Pero lo peor es que frente a esto no se plantea nada. Todo sigue como si acá no hubiera nada malo. El Gobierno dio un golpe de Estado para impedir la renovación del Tribunal Constitucional, y todo siguió igual. Estamos tan acostumbrados a que todo marche mal que ya nadie se incomoda por estas cosas. Solo hay un poco de indignación cuando ocurre una catástrofe y más nada. Nos hemos llenado de experimentos políticos fallidos que no se corrigen, y quedan arrumados como trastes que nadie quiere ver. Convivimos con ellos como si fueran taras de nacimiento.
¿Por qué no se corrige el mamarracho de la regionalización? O al menos que se anule y volvamos al estado anterior. La tan mentada descentralización no funciona y nadie plantea nada. Tenemos un Estado sobredimensionado, con demasiados ministerios y organismos públicos heredados de gobiernos demagogos, y que no aportan nada al desarrollo. Son solo burocracia dorada, agujeros por donde escapa el dinero público sin control. ¿Por qué nos cuesta tanto hablar de una reforma integral del Estado?
El principal problema del Perú es el Estado. Sin ninguna duda. No deberíamos emprender nada hasta acabar de reformarlo por completo y reducirlo. Sin embargo, siguen creando más entidades públicas para sumarlas a la ruma de proyectos y organismos fallidos creados en cada gobierno por populismo y demagogia, y dejados como lastre. El bicentenario es el momento propicio para podar el Estado y darle forma y eficiencia.
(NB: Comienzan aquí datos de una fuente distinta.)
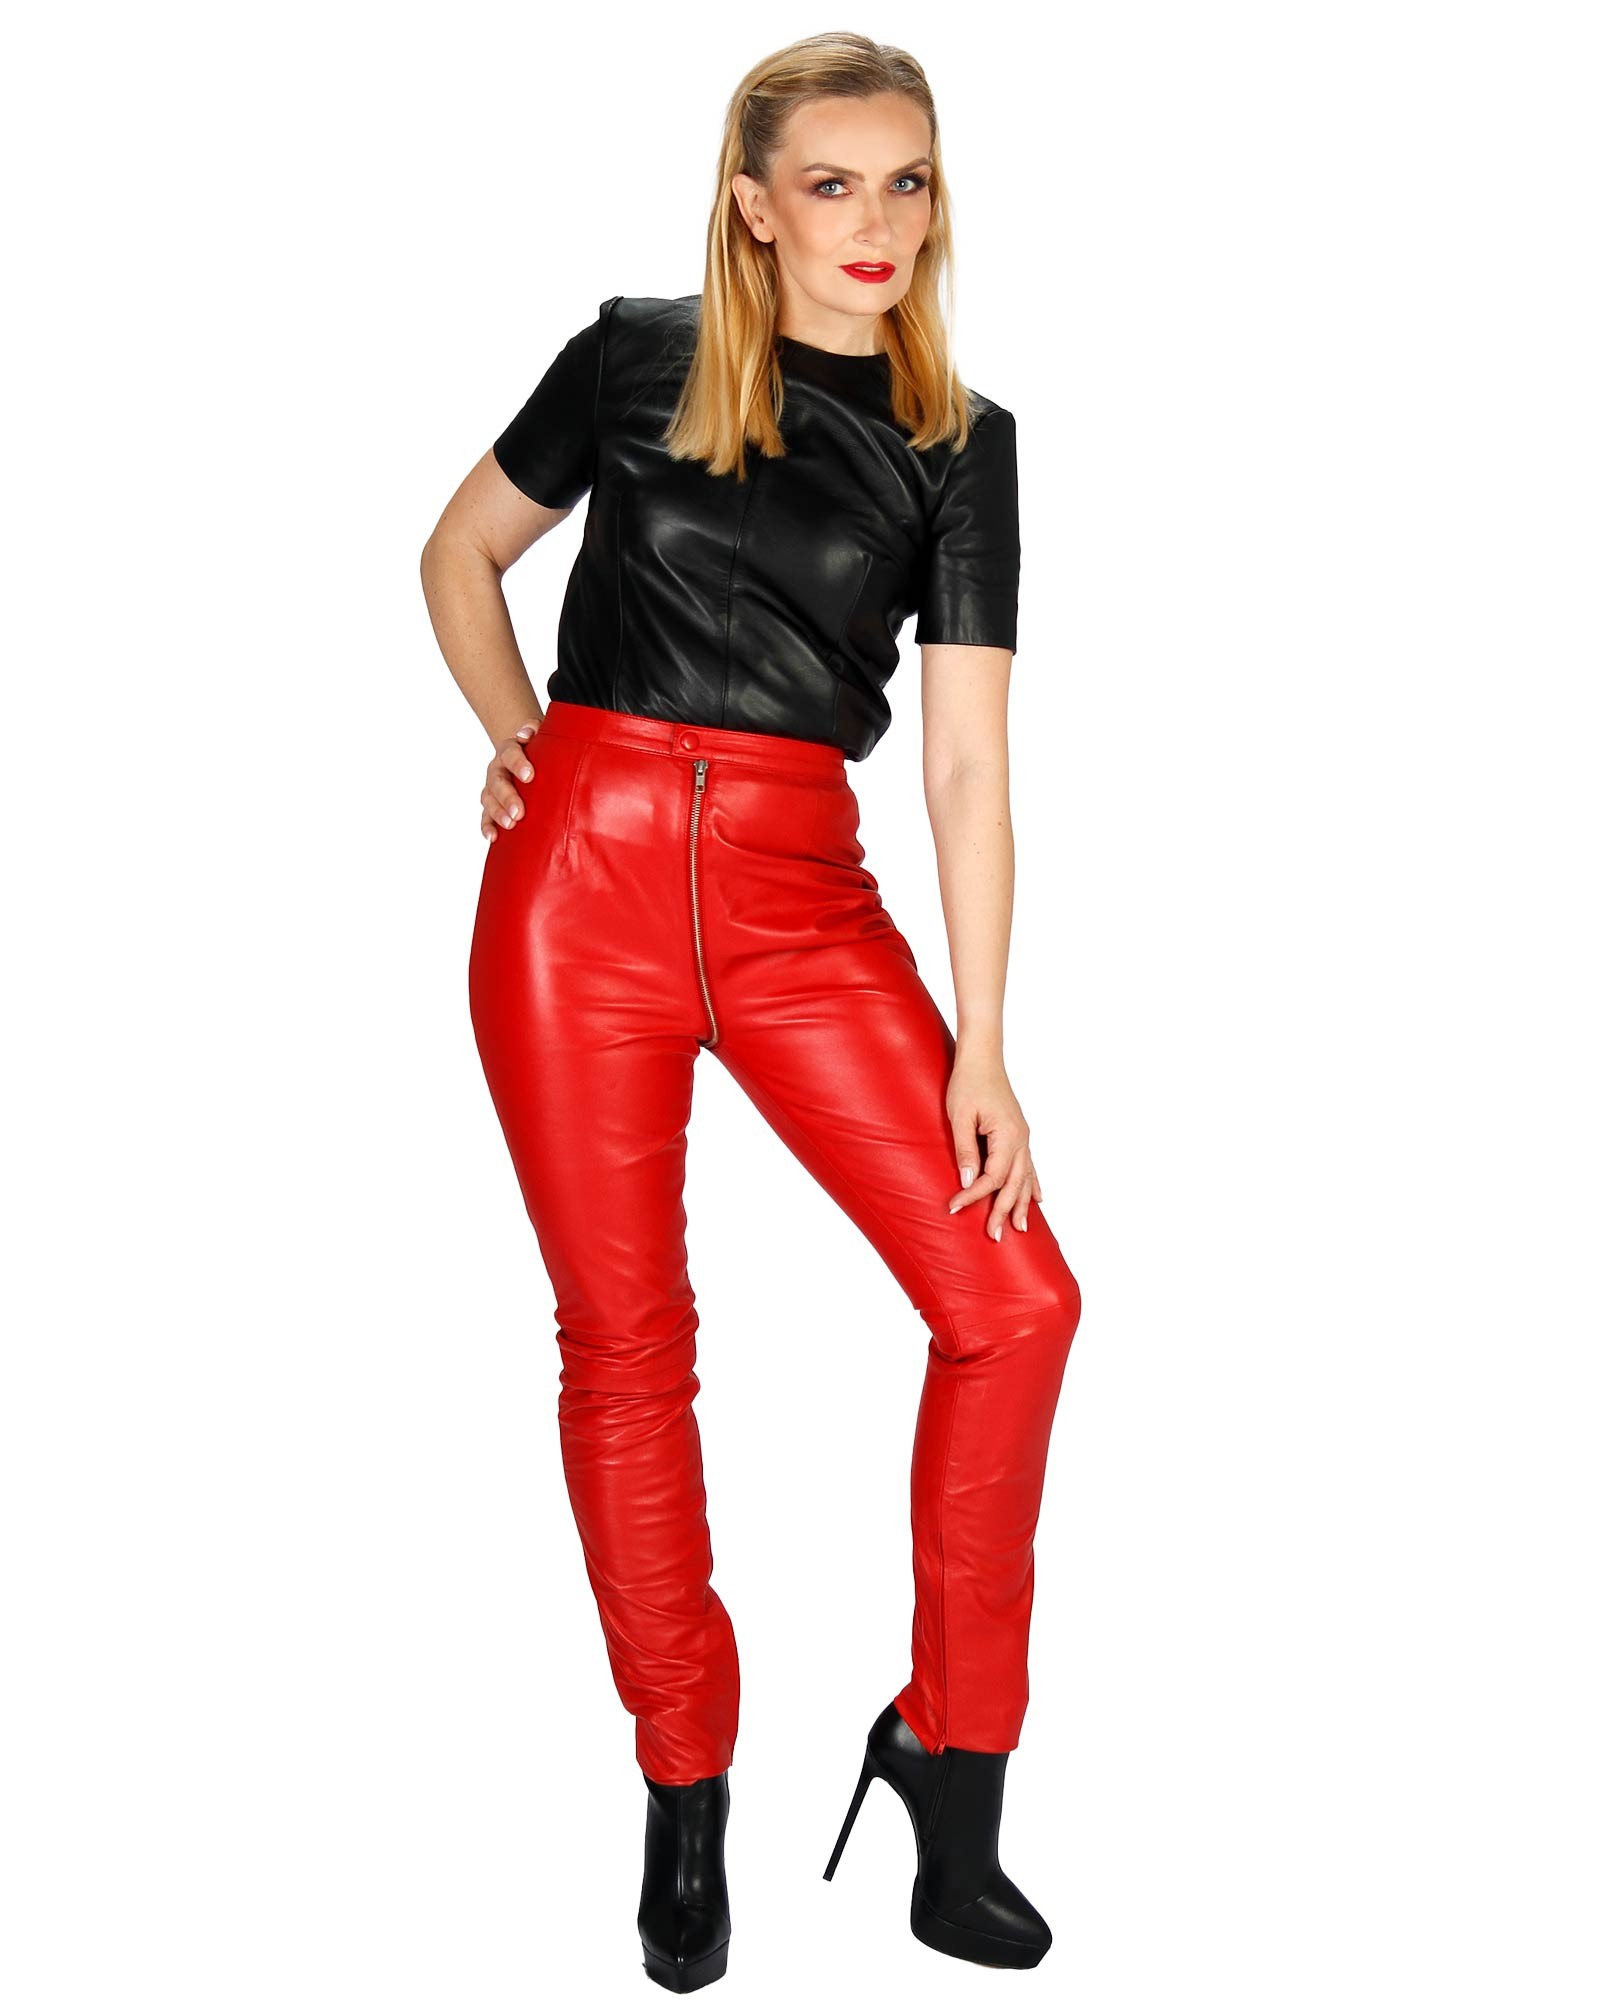 Lederhose Alice red crotch zipper real leather Bitte Größe wählen

Pero se requiere amplio consenso con un gran liderazgo sumamente lúcido, que no se vislumbra en el horizonte.
De la izquierda no cabe esperar nada. Por desgracia, en todo el espectro de la derecha tampoco se habla de esto. Más aun, la activa derecha confesional insiste en vivir en Narnia, peleando su propia cruzada en defensa de sus dogmas y causas abstrusas, con un discurso apocalíptico. Estamos entre el apocalipsis climático del ambientalismo de izquierdas que nos advierte de la destrucción del planeta por el capitalismo, y –por su lado– el discurso apocalíptico de la derecha confesional, que denuncia la inminente destrucción de la familia como parte de la agenda global del progresismo.
Ambos discursos sirven en cada caso para denunciar al oponente y vender su propia doctrina de salvación. Ninguno pone al individuo libre como el centro de su atención. Lo que se defiende es una doctrina que está por encima del individuo, y ambos apelan al Estado para imponerla. Pero no se puede defender a la familia y al mismo tiempo apelar al Estado para exigir políticas de intervención. Eso sería darle al Estado más poder del que ya tiene, lo cual sería nefasto. Basta con empoderar al individuo para que este defienda su propia familia y comunidad. No existe sujeto humano aislado. Todos nacemos en una familia y en una comunidad. El ser humano es un ser social por naturaleza, vive en comunidad y crea cultura, empezando por religión. No necesitamos la intervención del Estado. Basta empoderar al individuo y garantizar su libertad limitando al Estado y su burocracia iluminada.
Es una época en que abundan las causas con etiquetas cursis que encubren las verdaderas motivaciones. Causas que han desplazado al individuo e incluso a la libertad como objetivos. Tiempos de activismo sin debate, donde los memes reemplazan a los textos fundamentales y los influencers sustituyen a los pensadores. Y en medio de la polvareda que genera esta competencia de causas cursis y mensajes apocalípticos, la realidad se pierde de vista. Nunca debemos olvidar que la lucha política empieza pisando tierra y atendiendo a la realidad. De lo contrario, nos puede pasar lo mismo que le ocurre hoy a Chile.